The CSAIL group's close collaboration with Appelbaum made it possible to better understand the combined medical and machine learning aspects of the problem, ultimately leading to a much more accurate and transparent model. “The hypothesis was that these records contained hidden clues: subtle signs and symptoms that could act as early warning signs of pancreatic cancer,” he adds. “This guided our use of federated EHR networks in the development of these models, for a scalable approach to deploying risk prediction tools in healthcare.”
Both the PrismNN and PrismLR models analyze EHR data, including patient demographics, diagnoses, medications, and laboratory results, to assess PDAC risk.

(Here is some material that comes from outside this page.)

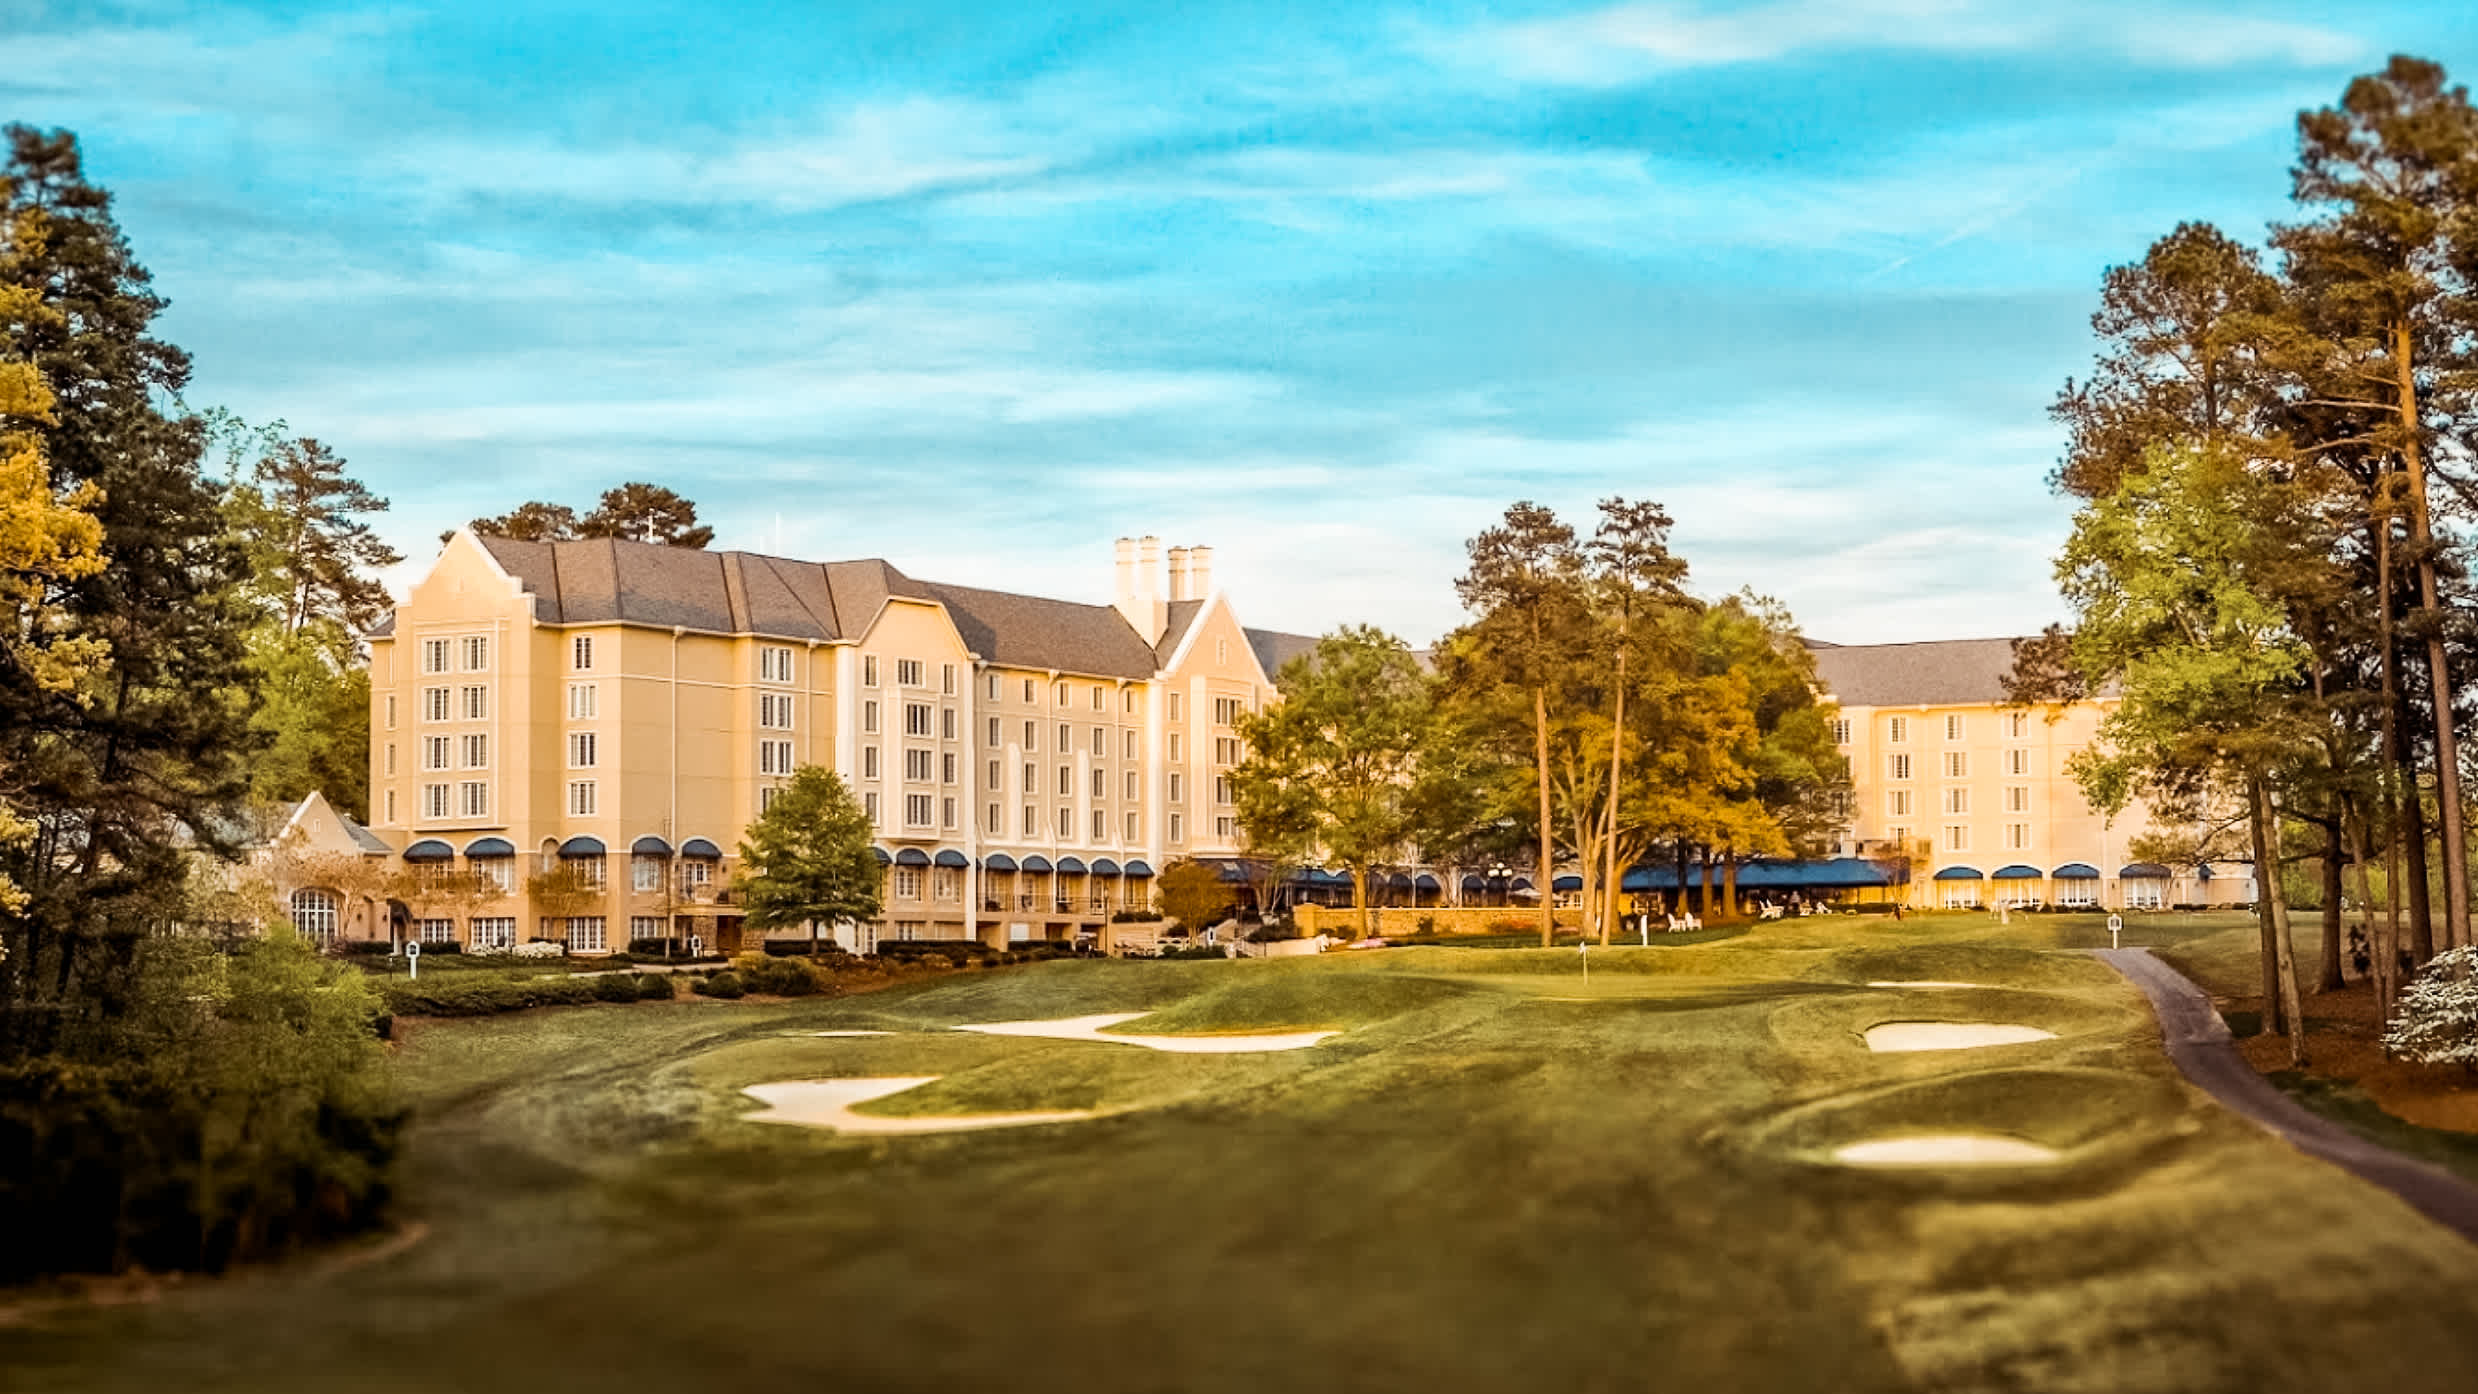 Washington Duke Inn and Golf Club, JB Duke Hotel

PrismNN uses artificial neural networks to detect complex patterns in data features such as age, medical history, and laboratory results, generating a risk score for the probability of PDAC. PrismLR uses logistic regression for a simpler analysis, generating a PDAC probability score based on these characteristics. Together, the models provide a comprehensive evaluation of different approaches to predict PDAC risk from the same EHR data.
A key point in gaining doctors' trust, the team notes, is to better understand how models work, known in the field as interpretability. The scientists noted that while logistic regression models are inherently easier to interpret, recent advances have made deep neural networks somewhat more transparent. This helped the team refine the thousands of potentially predictive features derived from a single patient's EHR to approximately 85 critical indicators. These indicators, which include patient age, diabetes diagnosis, and increased frequency of doctor visits, are automatically discovered by the model, but match doctors' understanding of the risk factors associated with pancreatic cancer.
The way to follow
Despite the promise of PRISM models, as with all research, some parts are still a work in progress. The US data alone is the current diet of models, requiring testing and adaptation for global use. The way forward, the team notes, includes expanding the model's applicability to international data sets and integrating additional biomarkers for more refined risk assessment.
“A subsequent goal for us is to facilitate the implementation of the models in routine healthcare settings. The vision is for these models to run seamlessly in the background of healthcare systems, automatically analyzing patient data and alerting doctors to high-risk cases without increasing their workload,” says Jia. “A machine learning model integrated with the EHR system could provide physicians with early alerts for high-risk patients, potentially allowing for interventions long before symptoms manifest. “We look forward to implementing our techniques in the real world to help all people enjoy longer, healthier lives.”
Jia co-wrote the paper with Applebaum and MIT EECS Professor and CSAIL Principal Investigator Martin Rinard, both lead authors of the paper. Researchers on the paper were supported during their time at MIT CSAIL, in part, by the Defense Advanced Research Projects Agency, Boeing, the National Science Foundation, and Aarno Labs. TriNetX provided resources for the project and Prevent Cancer Foundation also supported the team.